### Data extract

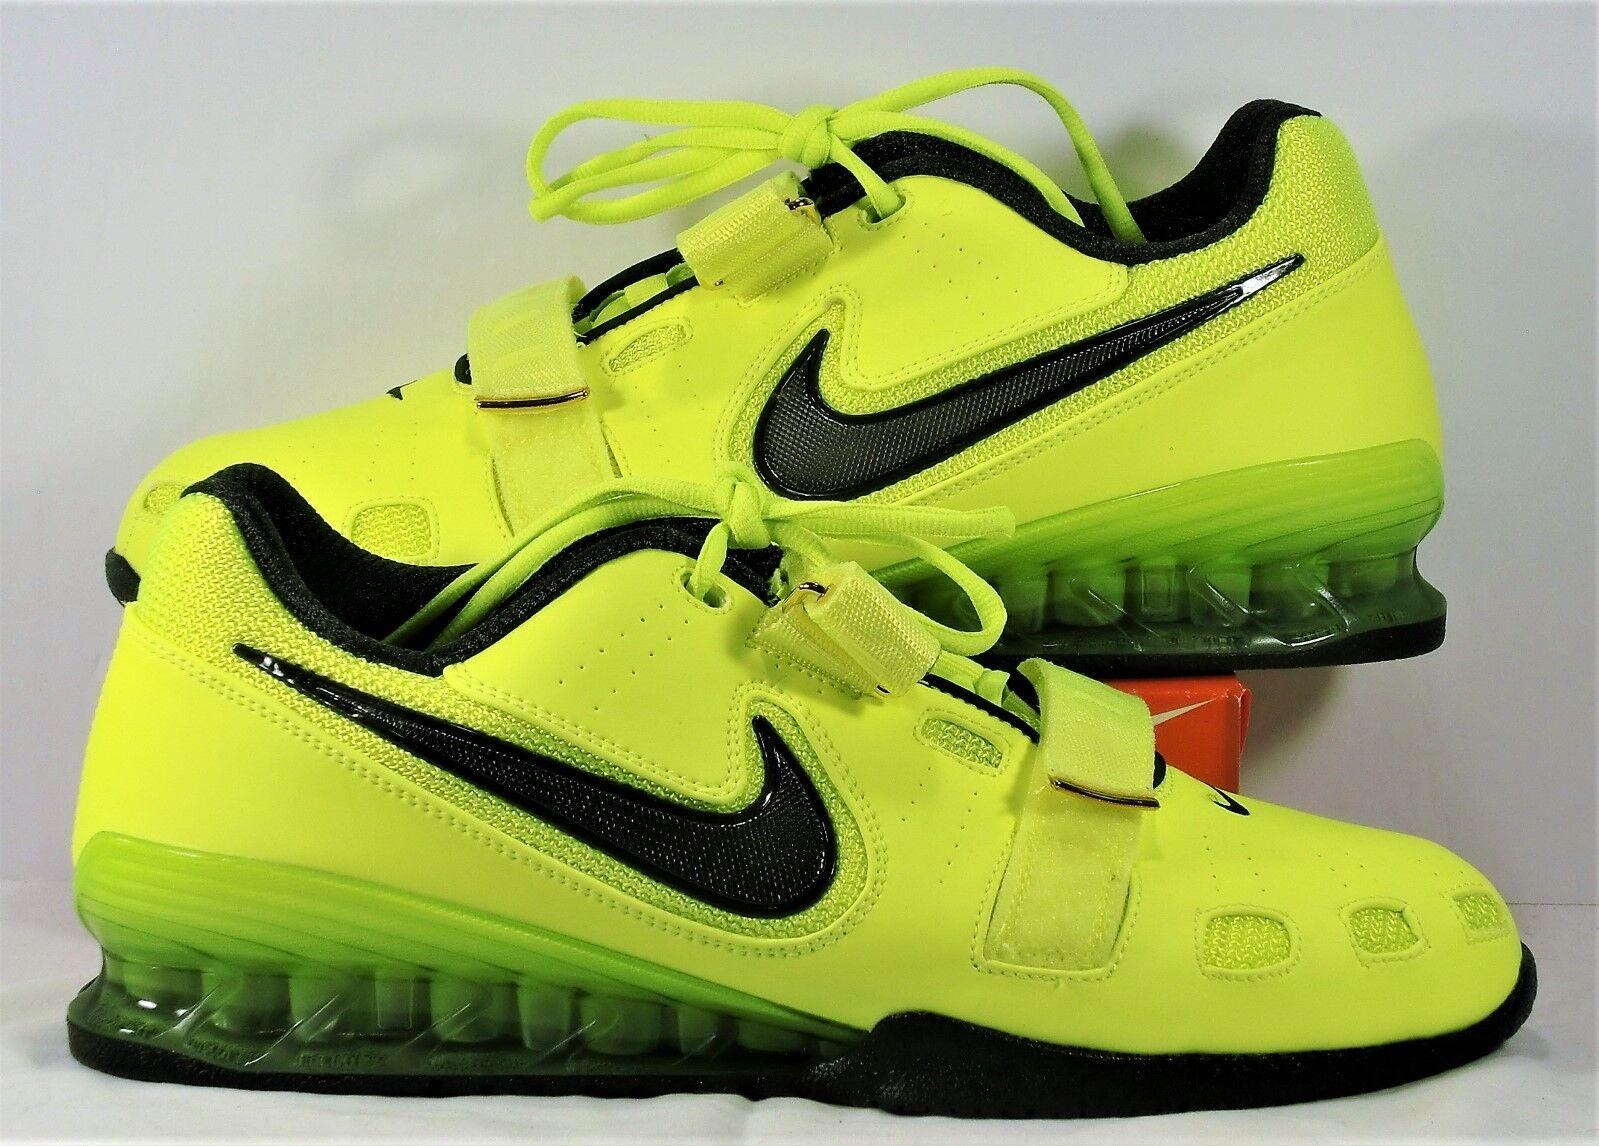 Nike Romaleos 2 Nero & Volt Training Weightlifting Shoes Sz 14 NEW 476927 700
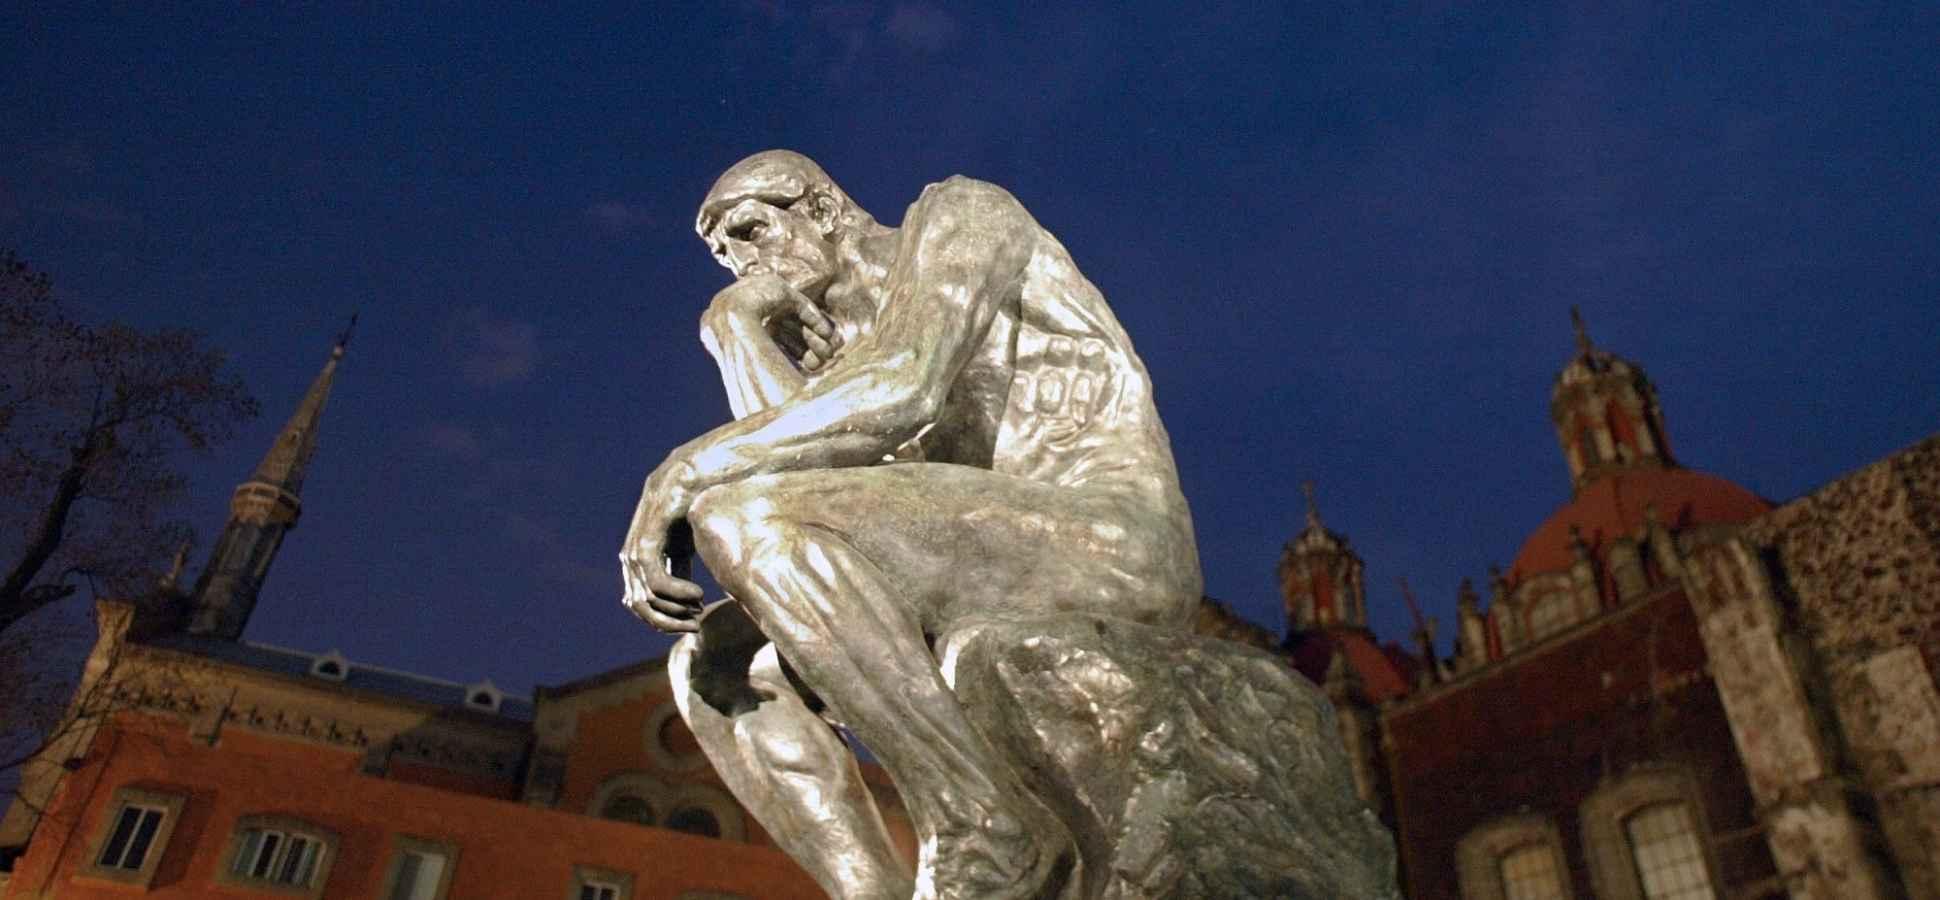 Emotional Intelligence 101: How to Handle Negative Emotions
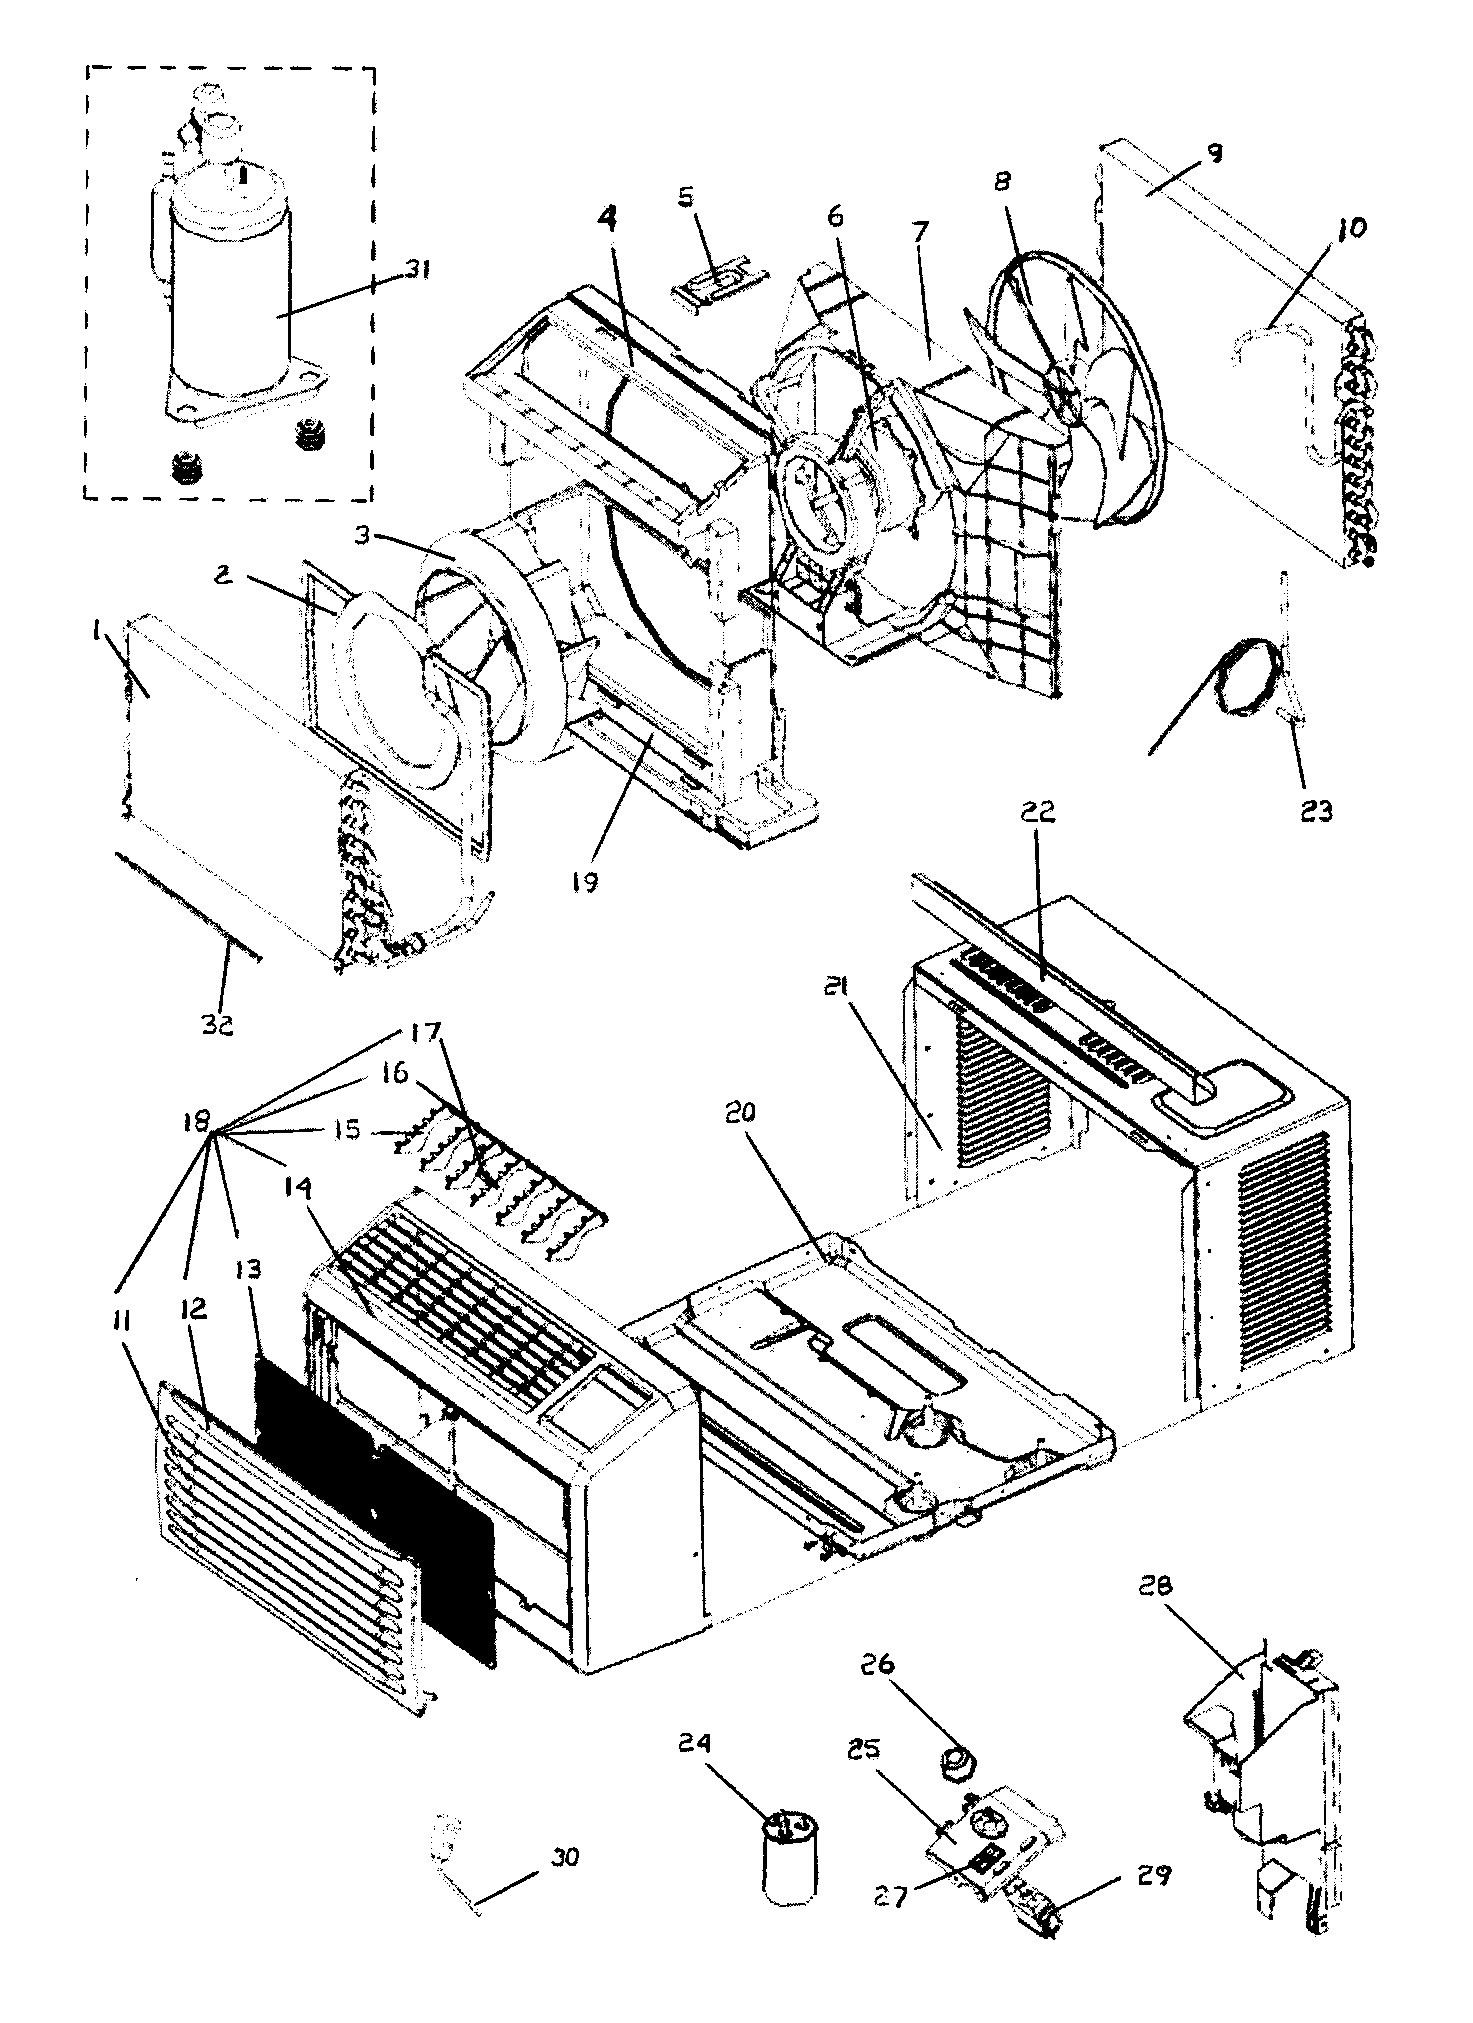 [DIAGRAM] Wiring Diagram Haier Air Conditioner FULL
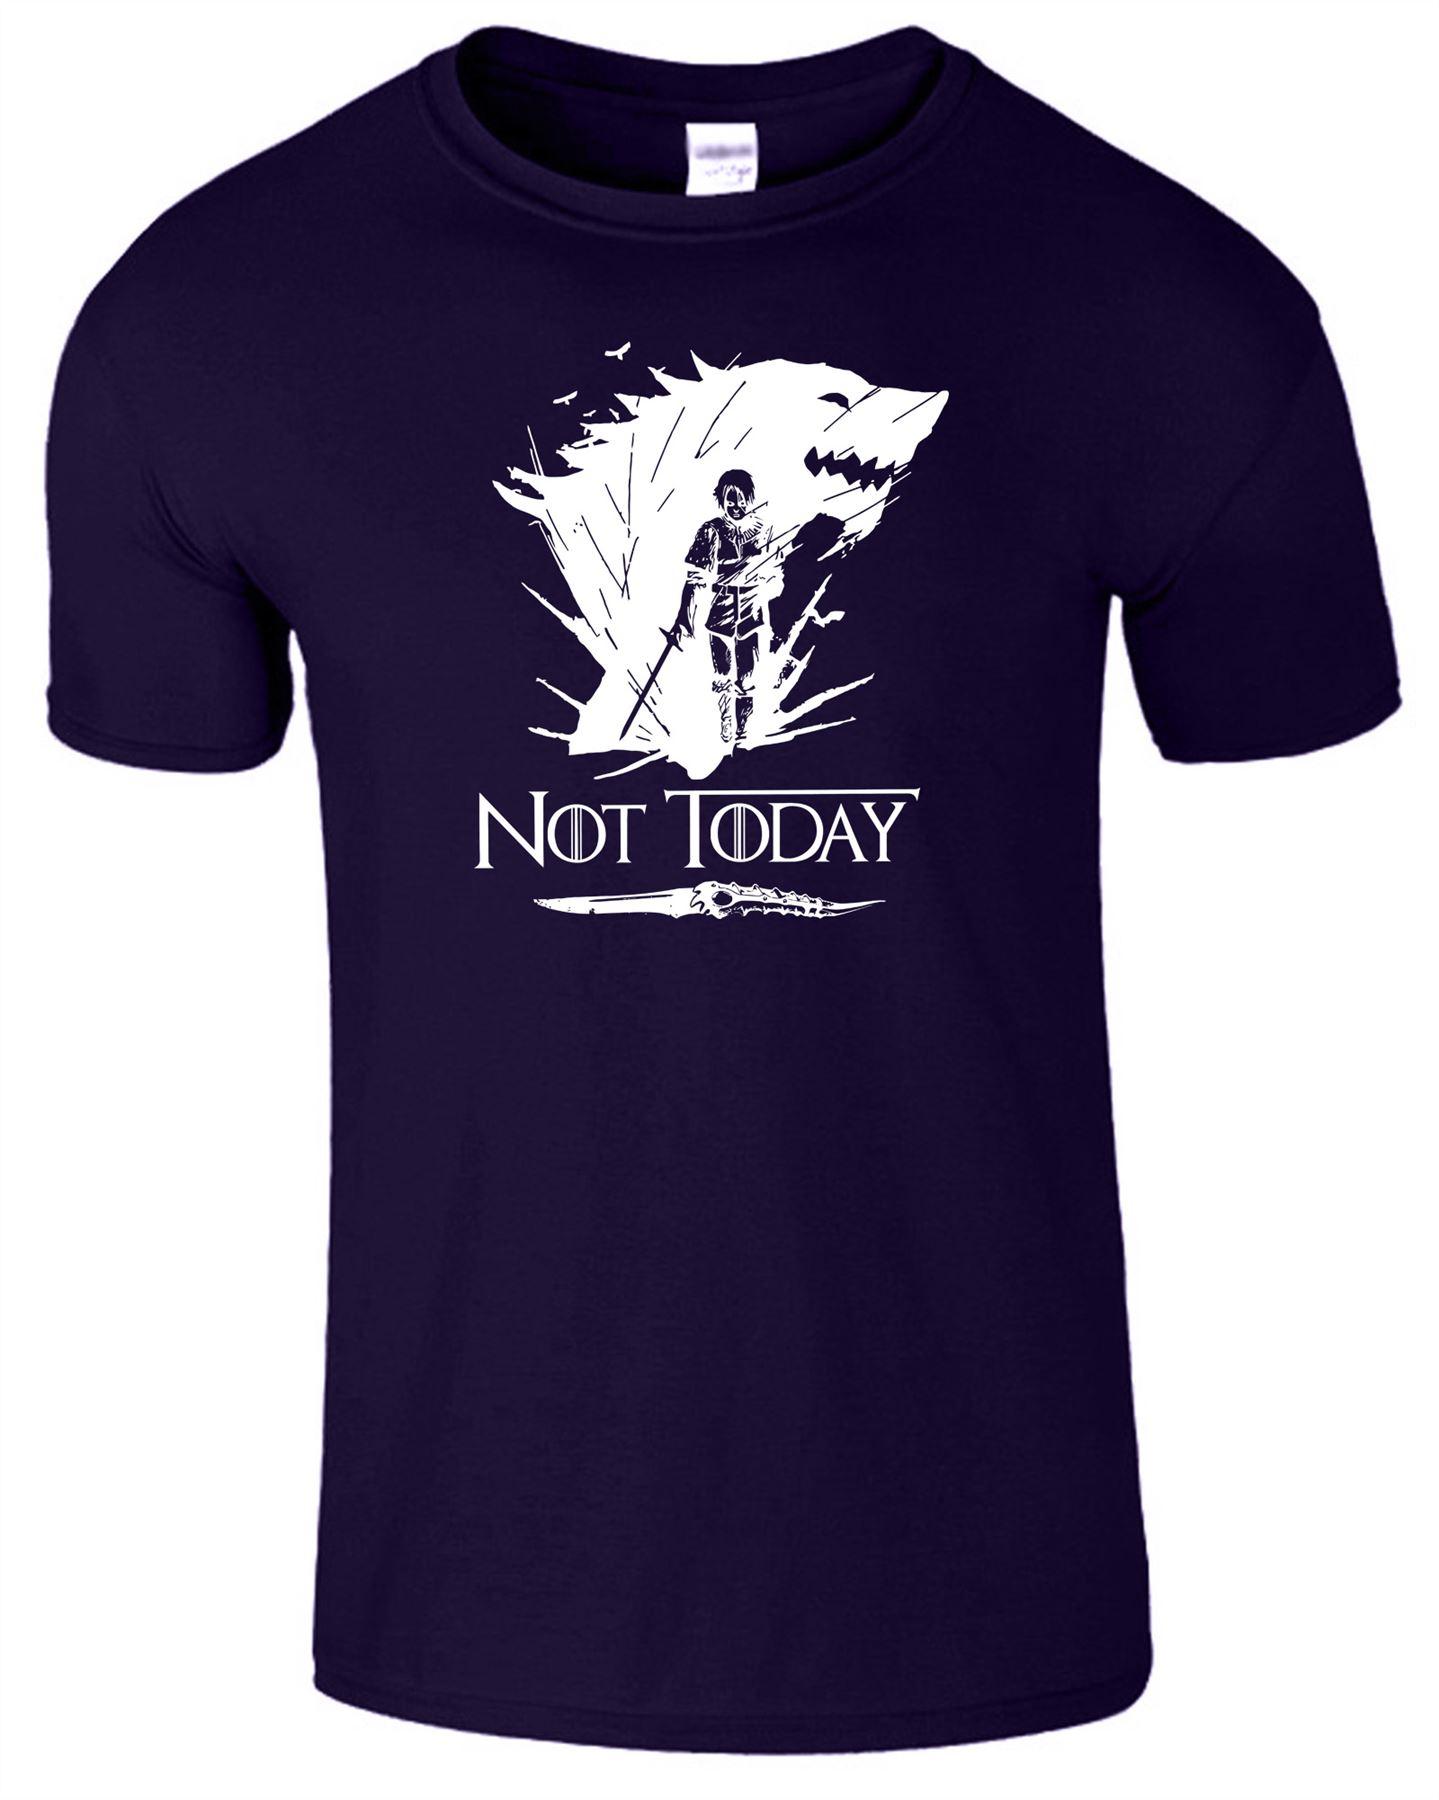 Arya-Stark-Not-Today-T-Shirt-Mens-Game-Season-Womens-Shirt-Adults-Unisex-Fit Indexbild 3

######

- Task prompt
Retype the full listing exactly; pictures stay out.

- Exercise answer
 Nike Romaleos 2 Nero & Volt Training Weightlifting Shoes Sz 14 NEW 476927 700
 Emotional Intelligence 101: How to Handle Negative Emotions
 [DIAGRAM] Wiring Diagram Haier Air Conditioner FULL
 Arya-Stark-Not-Today-T-Shirt-Mens-Game-Season-Womens-Shirt-Adults-Unisex-Fit Indexbild 3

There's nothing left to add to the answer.